Fintry Kirk is in the village of Fintry in Stirlingshire, Scotland. Fintry is a Church of Scotland Parish in the Presbytery of Stirling. The kirk is located to the East of the village. The parish minister for Fintry is shared with Balfron with the Manse located there.

== The building ==

The Category B listed building, was built in 1823 using stone from the area and stands on a site that has been a site of Christian worship for centuries.

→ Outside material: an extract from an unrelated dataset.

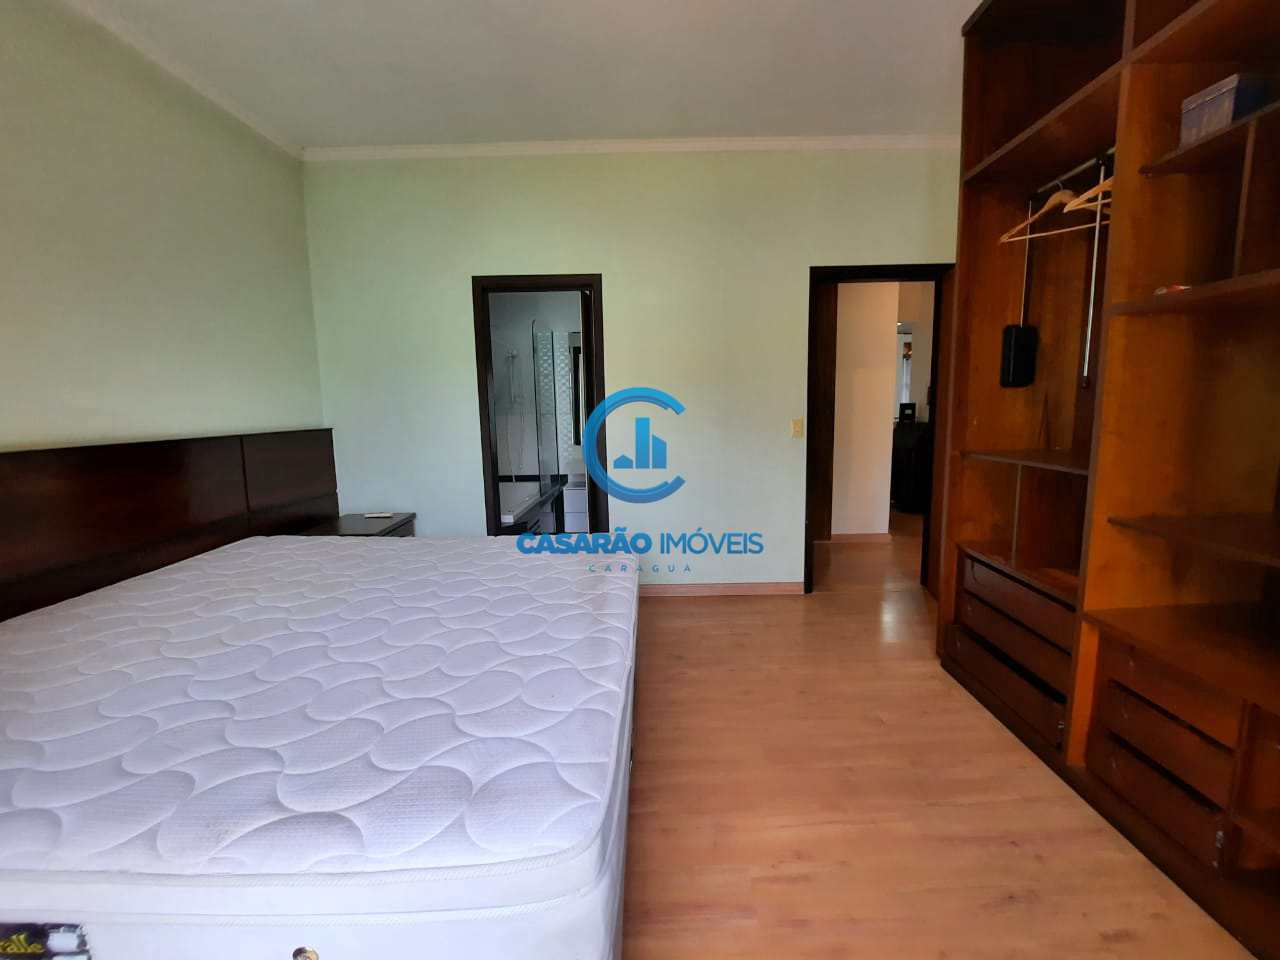 Casa com 4 dorms, Jardim Britânia, Caraguatatuba - R$ 1.35 mi, Cod: 9222
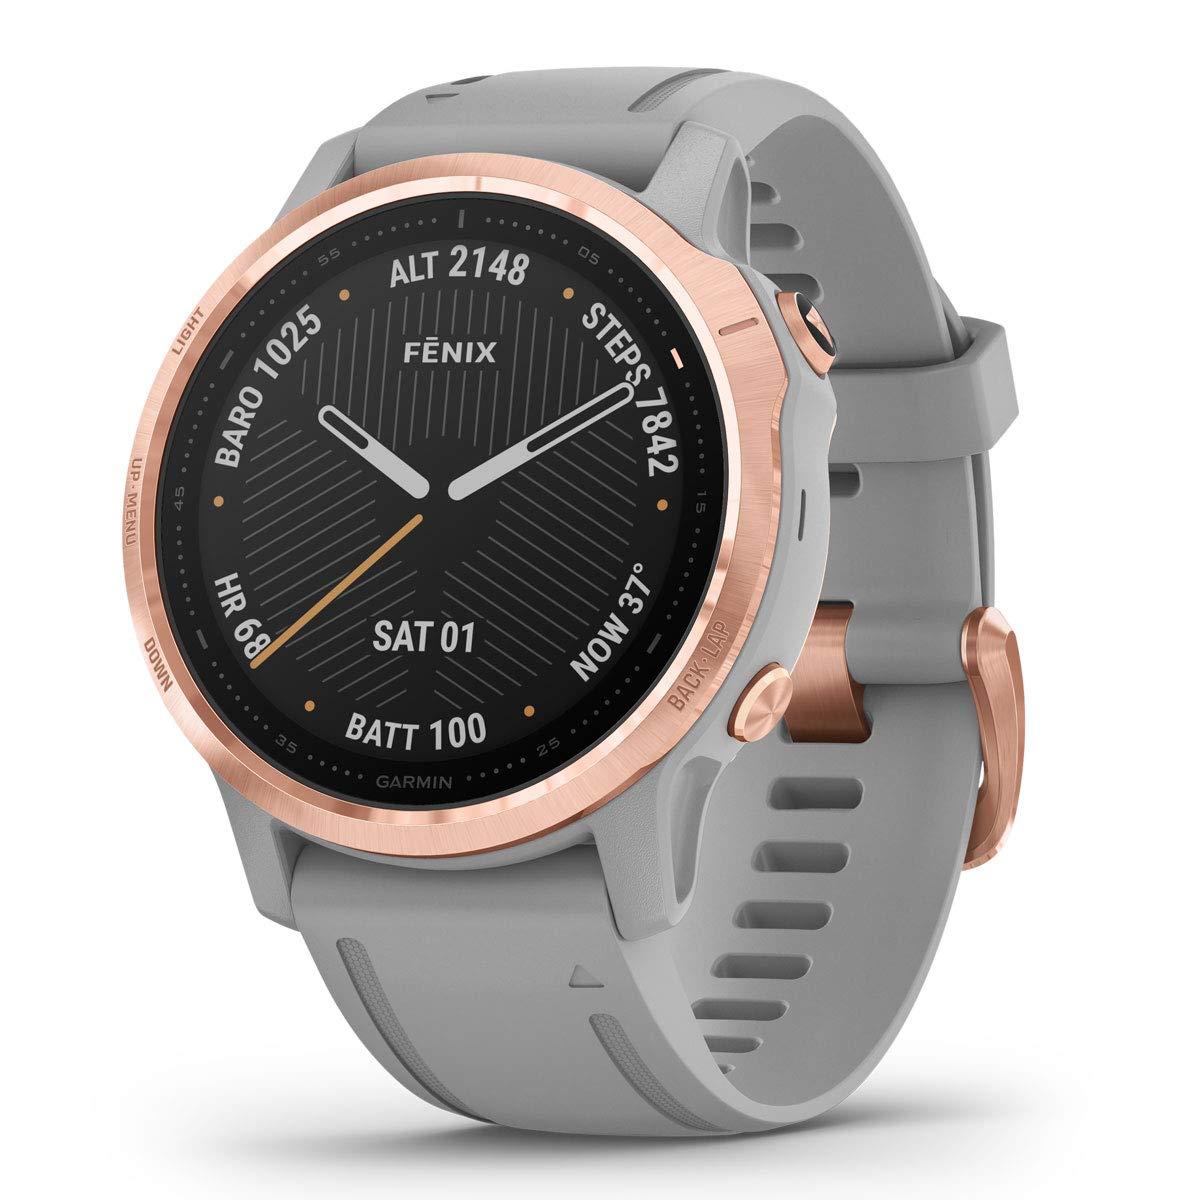 Garmin-Smartwatch-wasserdicht-fenix-Spoertuhr-100m-Wassertiefe-rosa-rosé-grau-digital

Behind the pulpit is a stained glass war memorial with the names of the men and women from the village who died during World War I and World War II. This has recently undergone renovation.

At the front of the Kirk is a cantilevered staircase, one of only two that have survived to today.

==History==
The parish is first mentioned in 1207 and was originally dedicated to St Modan and was under control of the Collegiate Church of the Blessed Virgin Mary in Dunbarton. The only pre-Reformation vicar known by name is Stephen Culross in 1539.

From 1560 Fintry shared a minister with neighbouring Strathblane and Campsie, this being Mr John Stoddart who was assisted by a reader, George Watson. However, complaint was made to the Privy Council that a James Galbraith of Kilcreuch had commandeered the manse and glebe. The same James Galbraith is noted as the main local force in removing the Catholic presence from the parish, and clearly thought he deserved their property for his actions.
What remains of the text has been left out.